Petitioner testified and, when asked if he continued to deny physically abusing Troy or Hailey, petitioner replied, diplomatically, "I believe the judge made a decision in his beliefs and my beliefs may be different." He testified that he had completed 40 Parenting Without Violence classes, 60 to 80 Health Realization classes, and 12 sessions of individual counseling. Petitioner testified that he did not recall being physically abused by his father or seeing his father physically abuse petitioner's mother or siblings. He said that his father was "very, very loving." He said that his father was "really strict from the [Viet Nam] war" and drank "a lot" but was "a real good dad."
Petitioner testified that when he visited Shawna she would "run straight to me. Just really cheerful, really bright kid." He said that he loved Shawna and she loved him. In preparation for having Shawna live with him, he had a "carseat, potty trainer, stroller, baby crib, highchair, several toy boxes, several hundred toys, lots of different clothes for her." Petitioner was working part-time as a cable installer and part-time for American Campaign Services gathering petition signatures. He planned to find child care through referrals from social services or with his aunt, who was a nanny. Petitioner did not agree with the social worker's recommendation that reunification services should be terminated. He believed that "from the get go" the social worker had "made up her mind" to terminate services.
Counsel for the Department argued that "this father has received more services than virtually any parent in our system." Counsel acknowledged that petitioner had visited Shawna regularly and that the visits had been, "for the most part," appropriate. Counsel acknowledged petitioner's progress in drug treatment. Counsel noted, "He is, in fact clean and sober. He's participated in his programs and he has tested consistently." Counsel argued that petitioner "has not even begun to address the violence in his family of origin." Counsel said that petitioner "has a triggerquick temper when he is under stress or doesn't get his way." Counsel for Shawna agreed that reunification services to petitioner should be terminated.

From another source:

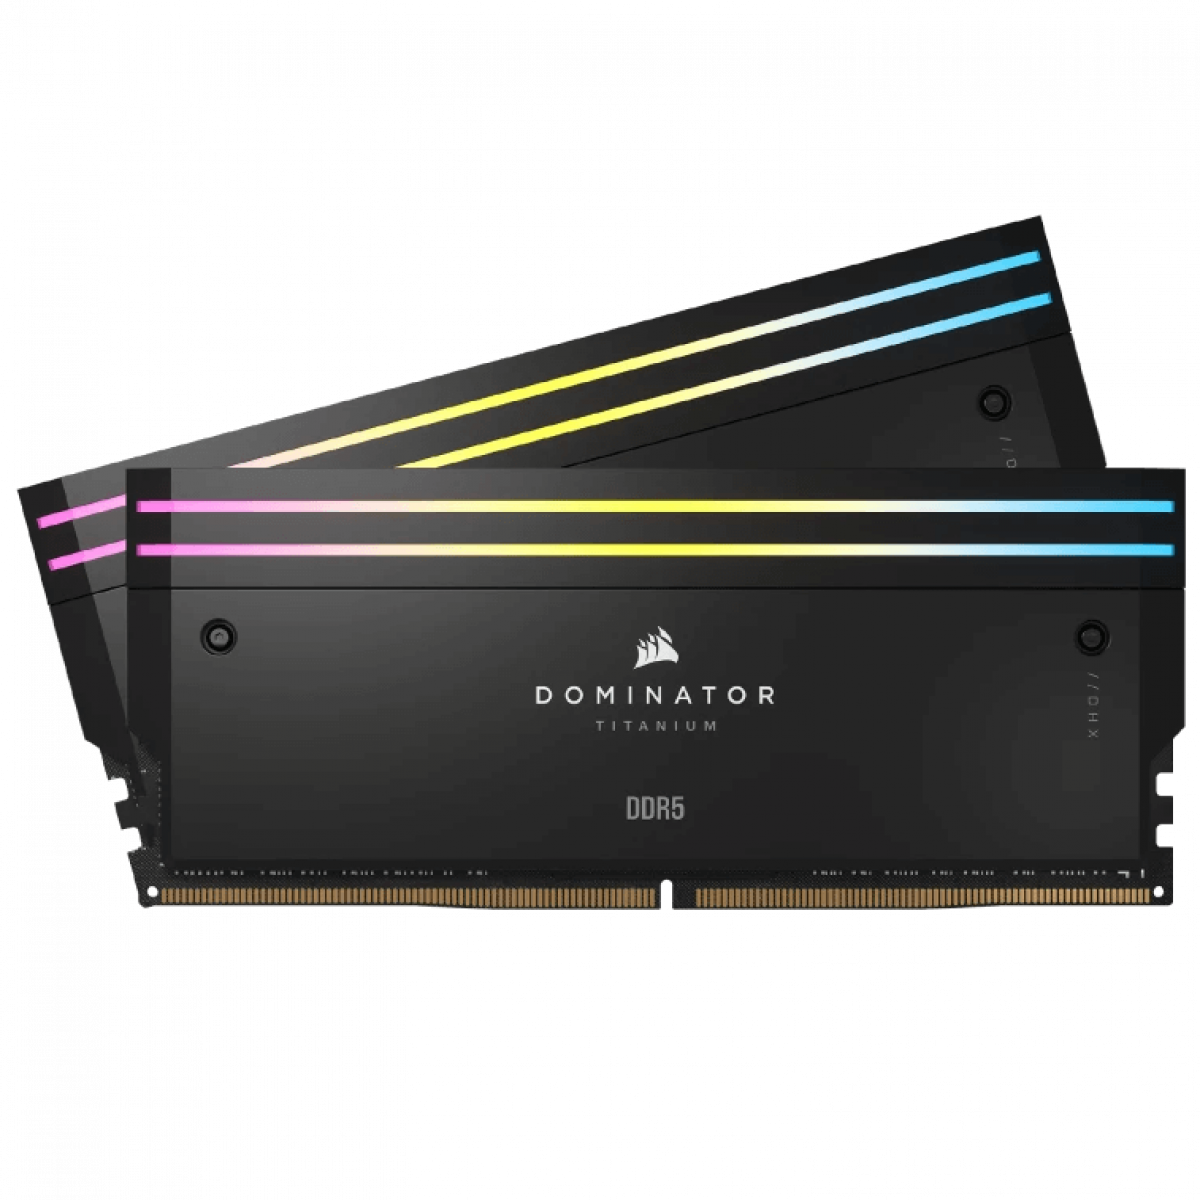 CORSAIR DOMINATOR TITANIUM Black DDR5, 6600MT/s 32GB 2x16GB DIMM, XMP 3.0, RGB LED, 1.4V

Counsel for petitioner said that petitioner felt that the finding that he had abused Troy was the result of "almost a railroading job." Counsel argued that petitioner had completed as much of his case plan as he could given that he continued to deny perpetrating the violence on Troy. Counsel recognized that because petitioner had not had unsupervised visits with Shawna that it "may be a stretch" to have Shawna immediately placed with him but that "nothing . . . prevents this Court from ordering a family maintenance plan and making a transition plan over 60 to 90 days."
The juvenile court terminated reunification services, finding that petitioner had received reasonable reunification services and that Shawna would be at risk if returned to petitioner. The court set a selection and implementation hearing for a permanent plan and granted petitioner supervised visits two times per week.
Discussion
The hearing at which the challenged orders were issued began as a six-month review but, because of continuances, became an 18-month review hearing. The juvenile court was required to order return of the Shawna to the physical custody of the petitioner unless the court found, by a preponderance of the evidence, that the return of Shawna would create a substantial risk of detriment to the safety, protection, or physical or emotional well-being of the child. (§ 366.22.) The Department had the burden of establishing that detriment. (Ibid.) In making its determination, the juvenile court was required to review and consider the social worker's report and recommendations and to consider the effort or progress, or both, demonstrated by petitioner and the extent to which he availed himself of services provided. (Ibid.)
At-Risk Finding
Petitioner contends, "The court erred in failing to return the minor to the father because substantial evidence did not support a finding the minor would be at risk in the father's care." Citing Blanca P. v. Superior Court (1996) 45 Cal.App.4th 1738, he argues that the "lack of an admission" to the allegation that he had abused Troy and Hailey "is insufficient to deny him custody of the minor."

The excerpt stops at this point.